● **Work to complete**
Everything in the data below except the pictures must be repeated word for word.

● **Source data**
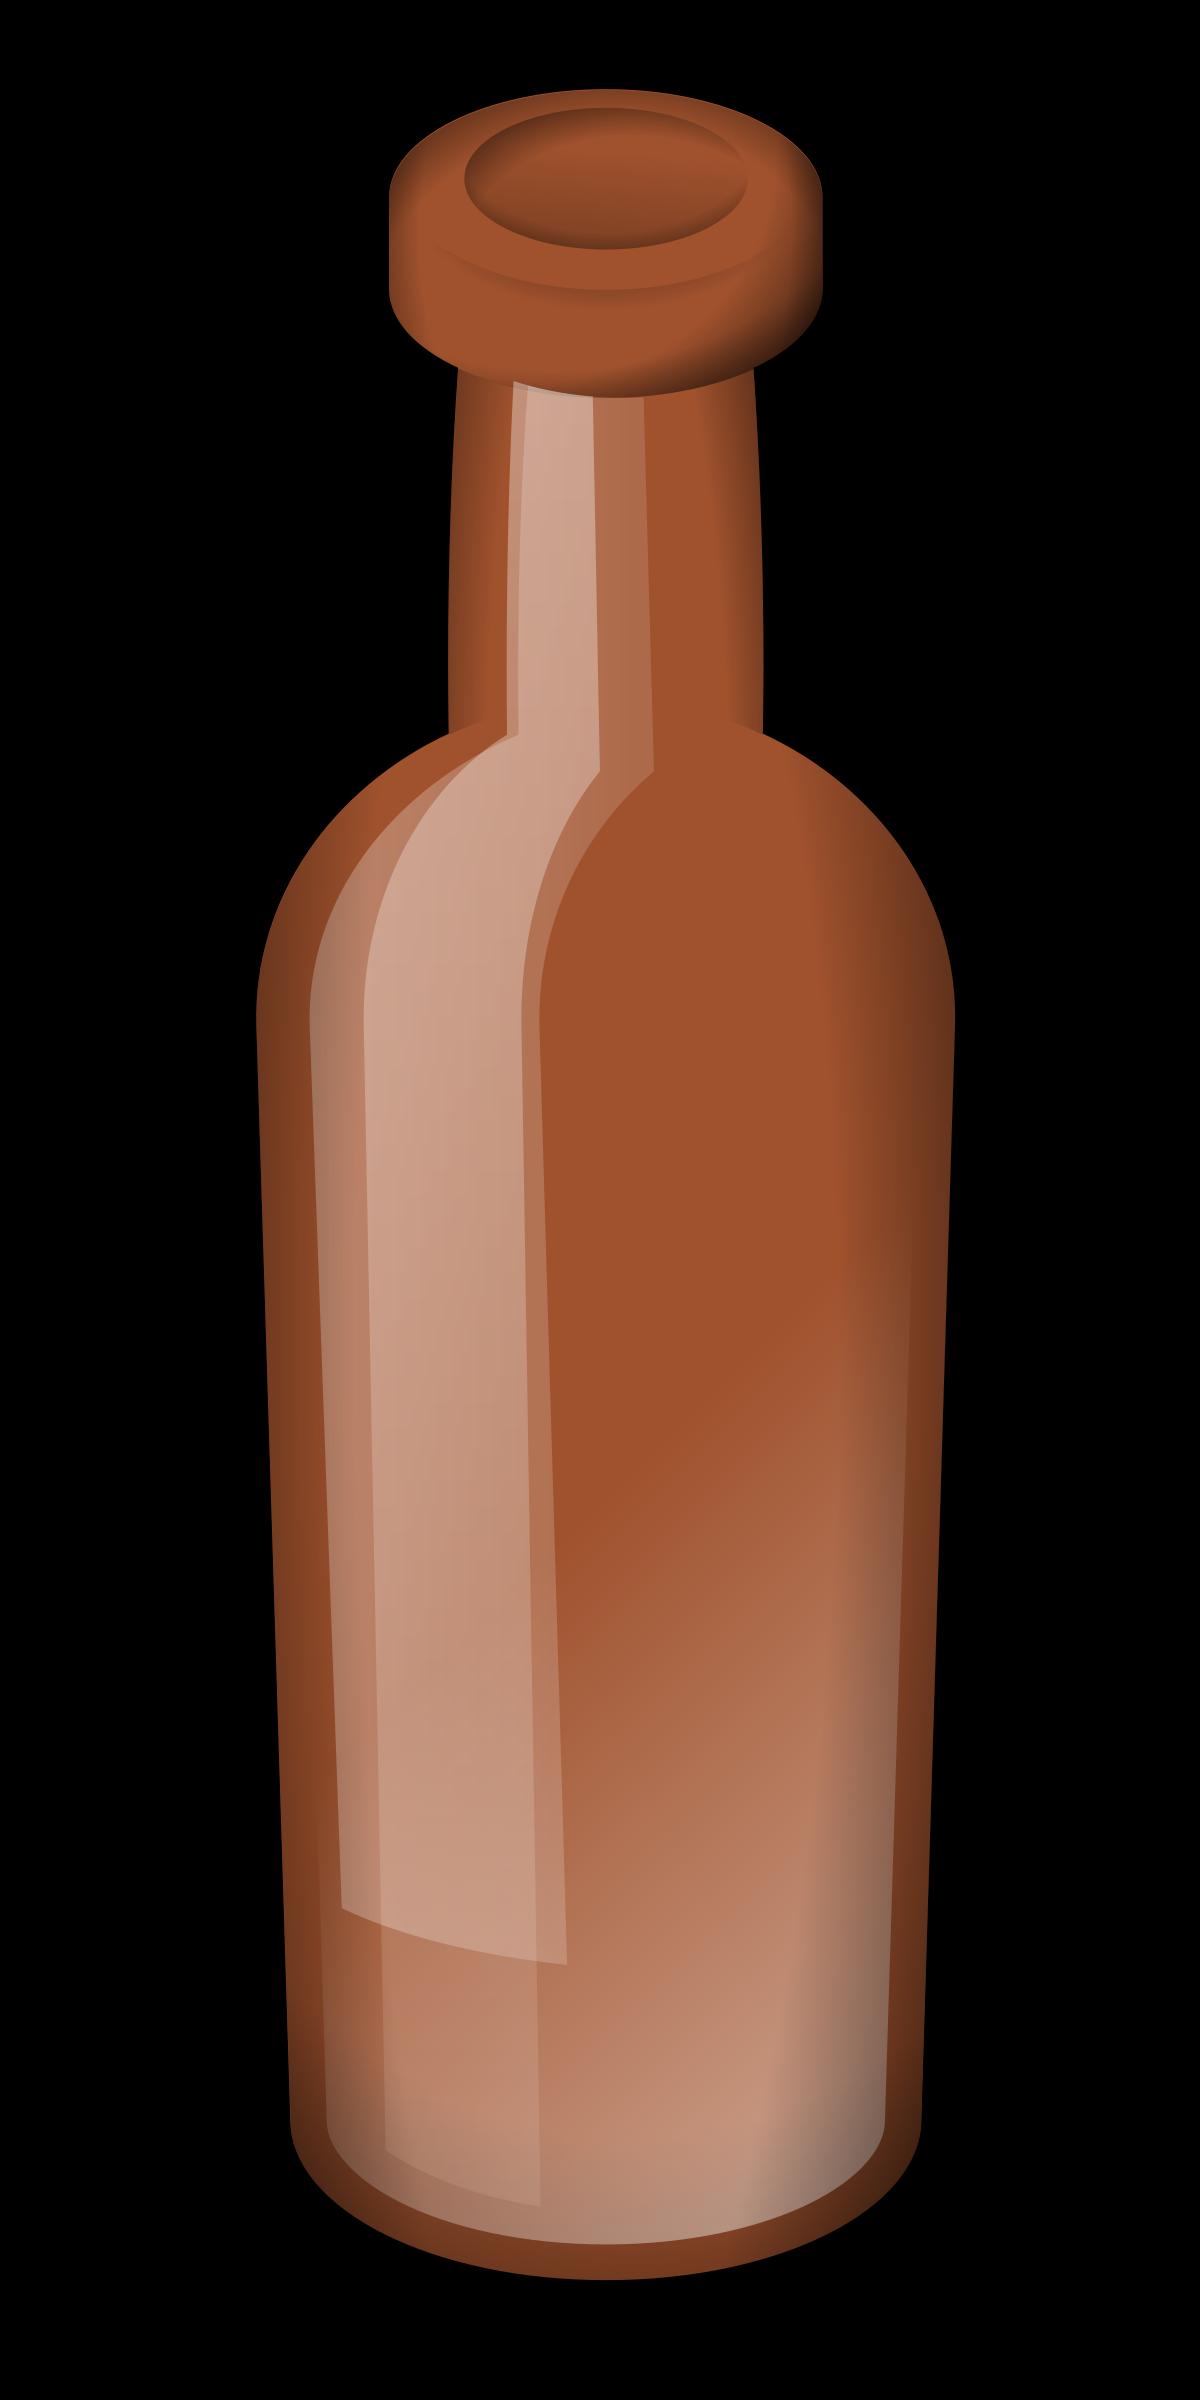 Clipart beer jar. Bottle big image png
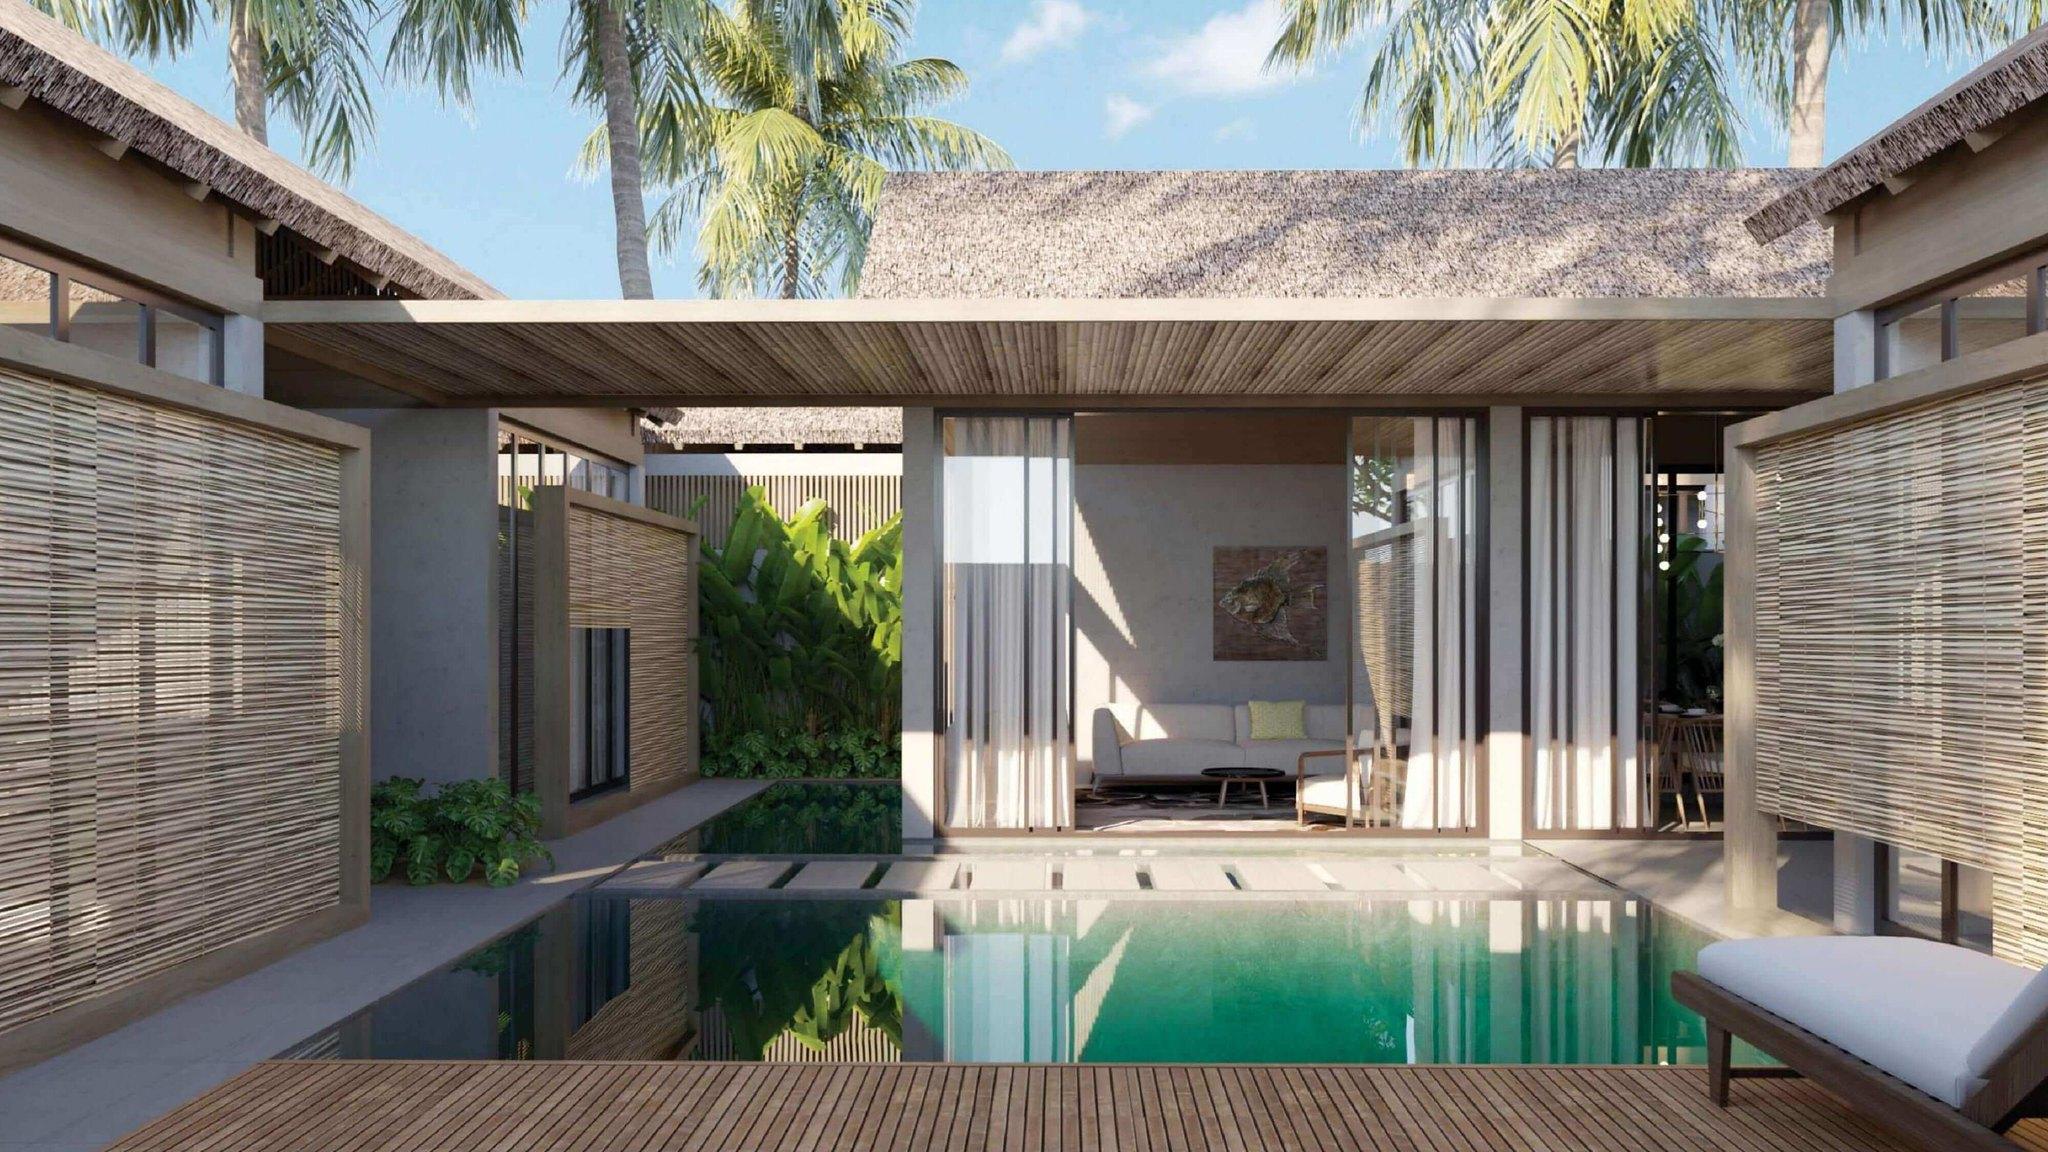 Biệt thự nghỉ dưỡng 5 sao Sun Premier Village Kem Beach Resort
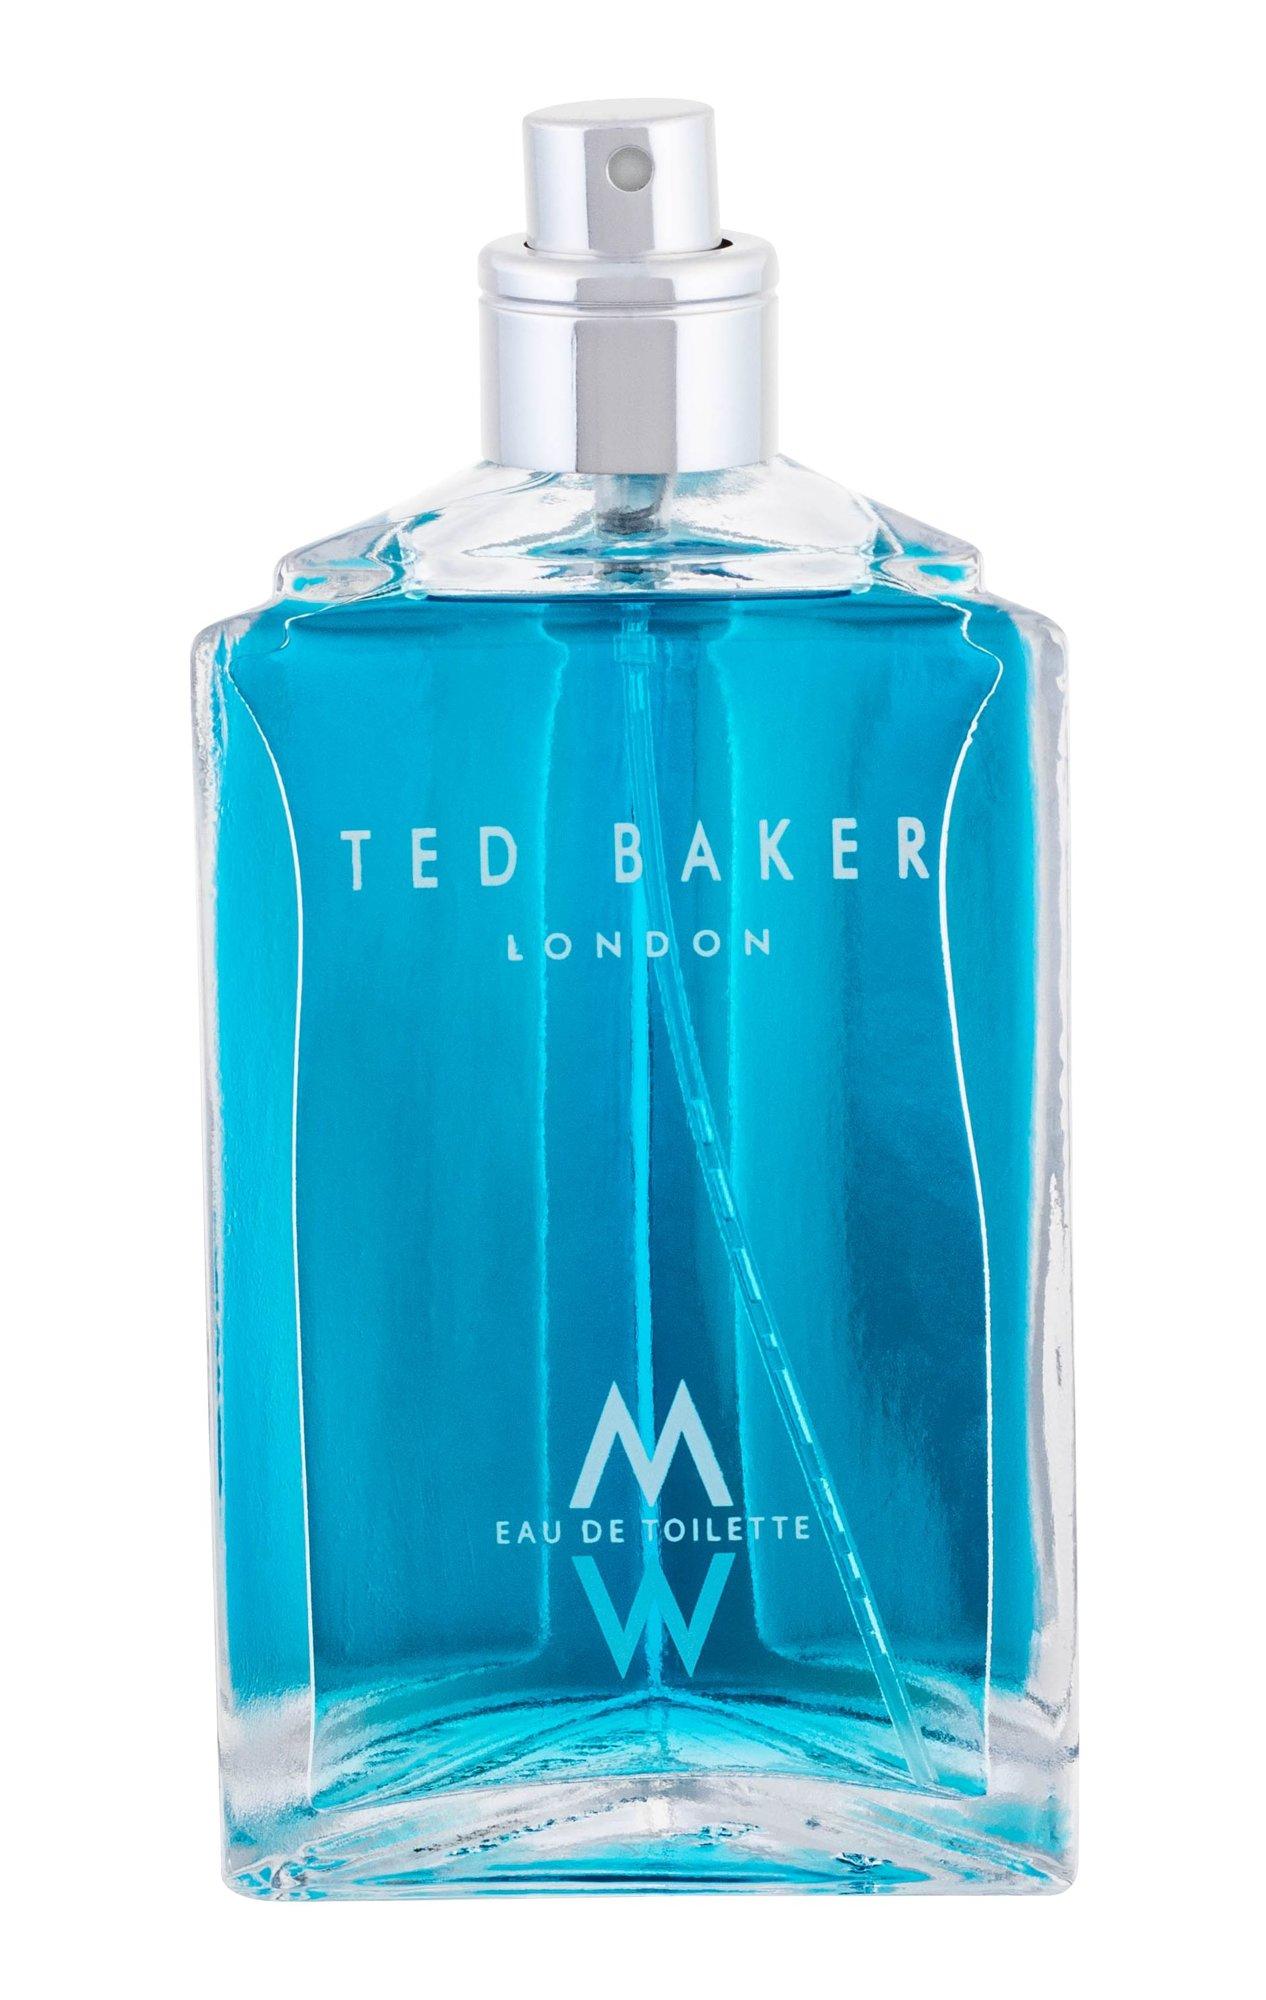 Ted Baker M EDT 75ml

● **Exercise result**
 Clipart beer jar. Bottle big image png
 Biệt thự nghỉ dưỡng 5 sao Sun Premier Village Kem Beach Resort
 Ted Baker M EDT 75ml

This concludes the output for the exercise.